The report also shows more people have been arriving long term in New Zealand than departing since the 1990's, with the loss of New Zealanders to other lands being made up by migrants from elsewhere.

Released this morning, the report concedes New Zealand has been losing about 4000 more people than it gains in the short term this year, but that this is likely to reverse early this year, particularly as the Australian economy slows.

"Departures to Australia are forecast to ease later this year," said the general manager of the department's Labour and Immigration Research Centre, Vasantha Krishnan. "We forecast a return to a net migration gain of about 6000 during mid-late 2012 and early 2013."

As to longer term trans-Tasman migration, the report says "New Zealand's population growth provides context to the relative size of migration flows to and from New Zealand but is often overlooked."

"This paper shows that when population size is considered, trans-Tasman departures relative to New Zealand's population are lower now than they were in the 1970's".

Still, some 495,000 Kiwis are now estimated to be living across the Ditch, around half the 700,000 to 1 million who live outside the country, meaning one in 10 New Zealanders live in Australia.

The report's long term migration flows analysis also shows a 10 year cycle which has become established since the late 1940's, in which net population losses have peaked around the end of each decade, followed by periods of net inflow.

The highest net losses were between 1976 and 1982 and again at the end of the 1980's - both of which were periods of economic stagnation.

"The period from 1990 onwards has been characterised by net gains rather than losses, although there was an end-of-decade net loss between 1999 and 2001," the report says. "Since 2002, net migration has been positive".

Separately, the department's latest migration trends and outlook report, also released today, finds India is now the second largest source of new long term or permanent migrants to New Zealand, thanks to a combination of skill shortages and arrivals by international students for multi-year courses of study.

The trend comes as the government embarks on negotiations for a free trade agreement with India.


----------



## chellebubbles

From watching a report on the news yesteday i understand this. 
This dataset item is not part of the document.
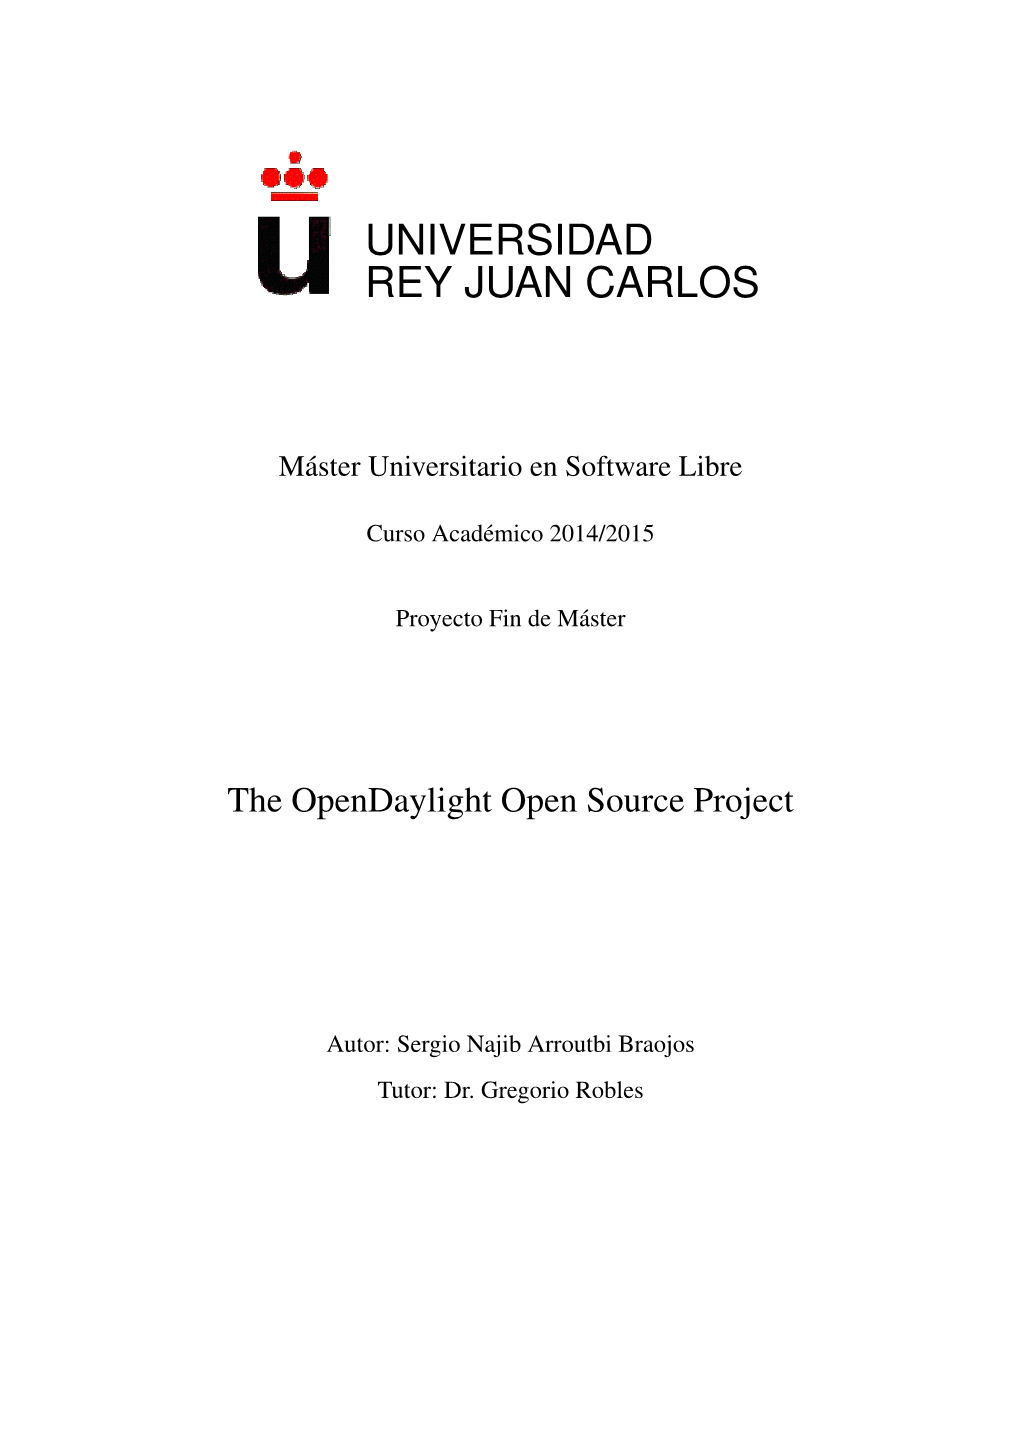 The Opendaylight Open Source Project

People in Auckland think there are too many people here, and that the government are not growing its City to accomodate the amount of people. 

The amount of people are growing because the size of familes are getting bigger and because of us migrants. People are moving to Auckland because this is where the work is, and if you cant get work theyre moving to Aus. 

I feel Auckland is empty when comparing it with London and even Manchester in the UK, but i can understand peoples concerns as they dont want to end up like London and Manchester. 

To solve the problem the government could work with the largest companies in NZ and offer them incentives to open up around the Country, to keep people here, they will have to do something eventually. Hopefully sooner rather than later, i would hate to think Kiwis have a negative view of us because of this.


----------



## topcat83

chellebubbles said:


> From watching a report on the news yesteday i understand this.
> 
> People in Auckland think there are too many people here, and that the government are not growing its City to accomodate the amount of people.
> 
> The amount of people are growing because the size of familes are getting bigger and because of us migrants. People are moving to Auckland because this is where the work is, and if you cant get work theyre moving to Aus.
> 
> I feel Auckland is empty when comparing it with London and even Manchester in the UK, but i can understand peoples concerns as they dont want to end up like London and Manchester.
> 
> To solve the problem the government could work with the largest companies in NZ and offer them incentives to open up around the Country, to keep people here, they will have to do something eventually. Hopefully sooner rather than later, i would hate to think Kiwis have a negative view of us because of this.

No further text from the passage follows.